Conclusion and Significance

This study demonstrates that PAF1 regulates LDHA expression through a HIF1α-mediated mechanism, thereby promoting glycolytic metabolism and tumor progression in pancreatic cancer. The PAF1/HIF1α axis plays a key role in the metabolic reprogramming of pancreatic cancer, providing a new potential target for pancreatic cancer treatment. The findings not only reveal a new function of PAF1 in pancreatic cancer metabolism but also provide a theoretical basis for the development of anticancer drugs targeting the PAF1/HIF1α axis.

Research Highlights

1. First Reveal of PAF1’s Role in Pancreatic Cancer Metabolic Reprogramming: This study is the first to elucidate the mechanism by which PAF1 regulates LDHA expression through HIF1α, revealing its key role in the glycolytic metabolism of pancreatic cancer.
2. Specific Interaction of the PAF1/HIF1α Complex: The study confirmed the specific interaction between PAF1 and HIF1α in pancreatic cancer cells, providing a new perspective for understanding metabolic regulation in pancreatic cancer.
3. Potential Clinical Application: The discovery of the PAF1/HIF1α axis provides a new potential target for pancreatic cancer treatment. In the future, inhibiting this axis may block the metabolic reprogramming of pancreatic cancer, thereby suppressing tumor growth.

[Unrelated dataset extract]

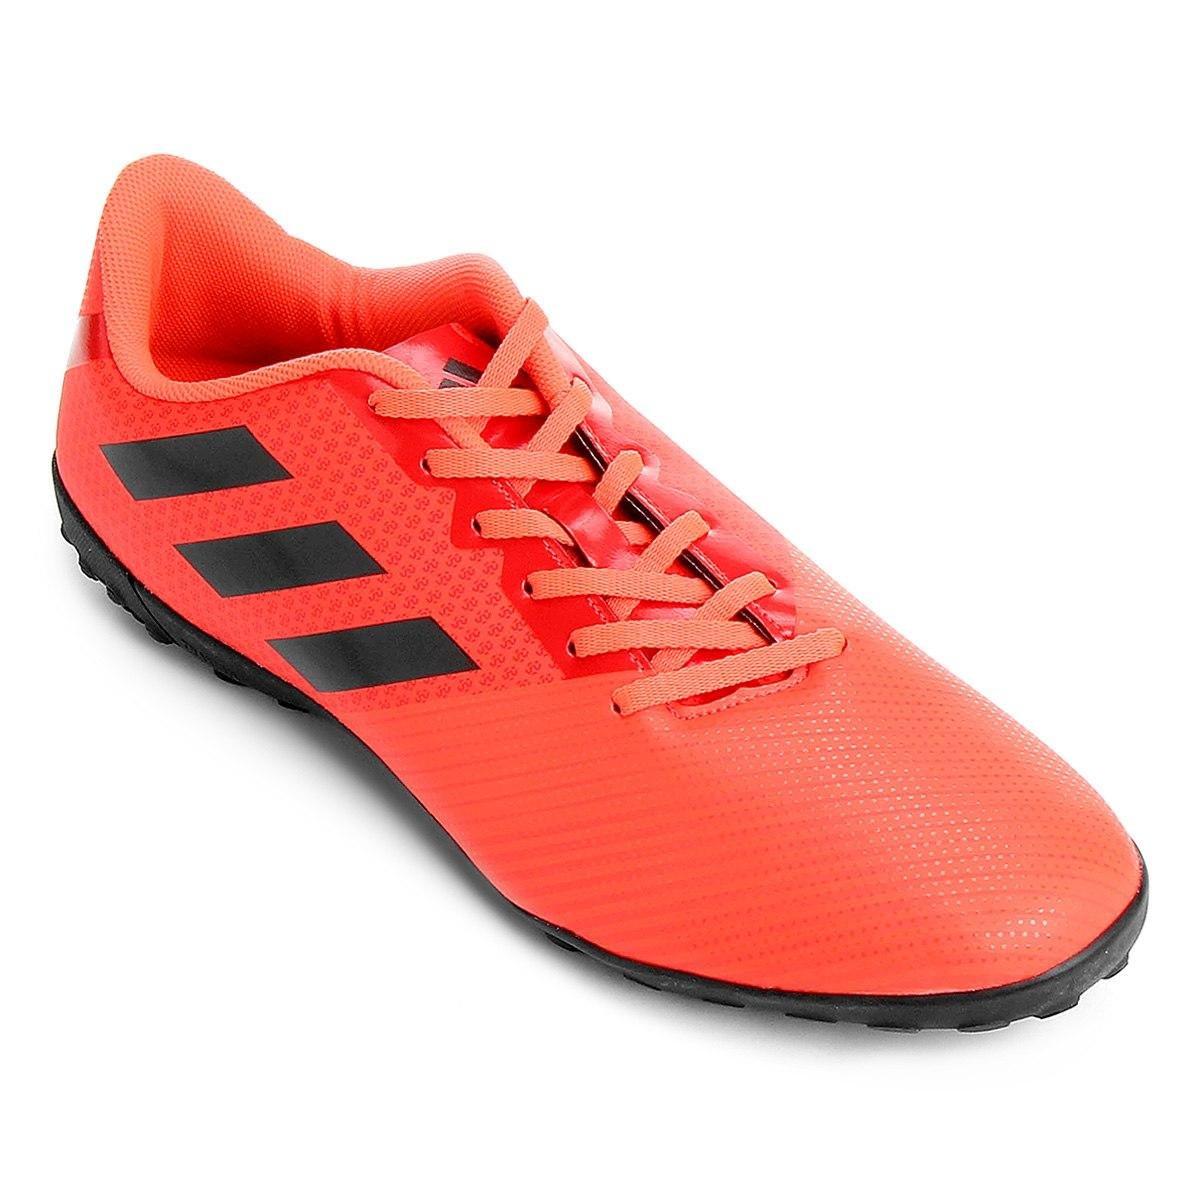 Chuteira Society Adidas Artilheira 17 TF - Vermelho - Compre Agora ... e7f912e83ae08

Additional Valuable Information

This study also provides detailed experimental methods and data analysis processes, including shRNA knockdown, co-immunoprecipitation, and ChIP experiments, offering important references for subsequent research. Additionally, the research team validated the experimental results using multiple cell lines and tissue samples, ensuring the reliability and generalizability of the study.